To view the EMBASE strategies, click on the relevant article category: diagnosis, prognosis, causation (etiology), clinical prediction guides, all categories.
We are also developing Hedges for use in CINAHL for detecting review
articles and articles on treatment, prognosis, etiology, costs, and those of
a qualitative nature. CINAHL strategies were derived using a 75-journal
subset. These
strategies will appear on our website once the results are published.
We recently obtained additional funding from the Canadian Institutes of
Health Research and the National Library of Medicine to continue our
research in this area. Our new project will address the following questions:
1. What is the relation between the handsearch database size and performance
characteristics of search strategies?
2. To what extent can journal subsets be defined for various clinical
disciplines using the bibliographies of systematic reviews? How much is the
precision of searching enhanced by running searches in such subsets of
journals compared with the entire handsearch journal database?
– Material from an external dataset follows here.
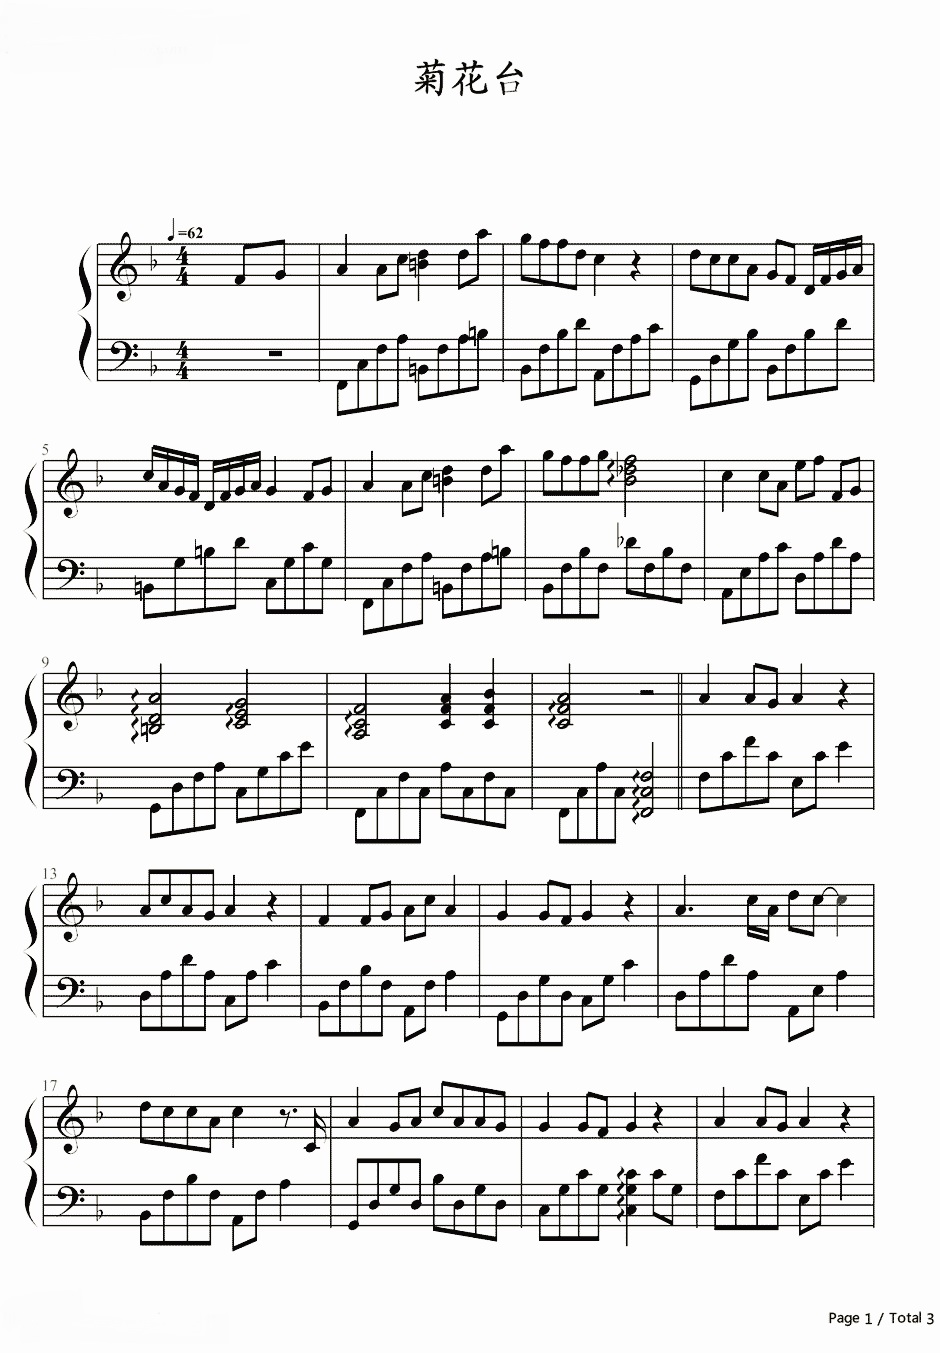 《菊花台》的钢琴谱钢琴曲谱 - 周杰伦

What is the
trade-off, if any, in sensitivity for high quality studies?
3. How consistent is the indexing of MEDLINE records for methodologically
sound original and review articles on the treatment and diagnosis of human
health disorders? What difference, if any, does this make to the performance
of search strategies that include both MeSH terms and methodologic
textwords?
4. For studies of diagnosis, how accurate and complete is the reporting of
studies in MEDLINE records and EMBASE records? Has the accuracy and
completeness of reporting improved since the Standards for Reporting of
Diagnostic Accuracy (STARD) initiative [2] which set out to enhance and
standardize the reporting for diagnostic test studies in journal
publications?
5. Has indexing consistency of studies of diagnostic accuracy improved since
the STARD initiative?
6. Is the retrieval of studies from journals that contain structured
abstracts better than from those journals that have semi-structured or
unstructured abstracts?
7. What are the consequences of using different search strategies (most
sensitive search, most specific search, or "optimal" search [which minimizes
the sum of false negative and false positive errors]) on article retrieval
for systematic reviews and the corresponding measures and conclusions of
systematic reviews of diagnostic accuracy?
8. When practicing clinicians conduct a time-limited search for studies of
treatment or diagnosis with the content terms supplied, what is the yield of
relevant citations, comparing the main PubMed search screen with Clinical
Queries? Are clinicians more satisfied with the retrieval of studies in
MEDLINE when searching using the specific clinical hedges, via the PubMed
Clinical Queries screen, than when searching from the PubMed main screen
without the clinical hedges? What are end-user perceptions while searching?
What are the effects of limiting searches to a core journal subset for
internal medicine, compared with the full PubMed journal database?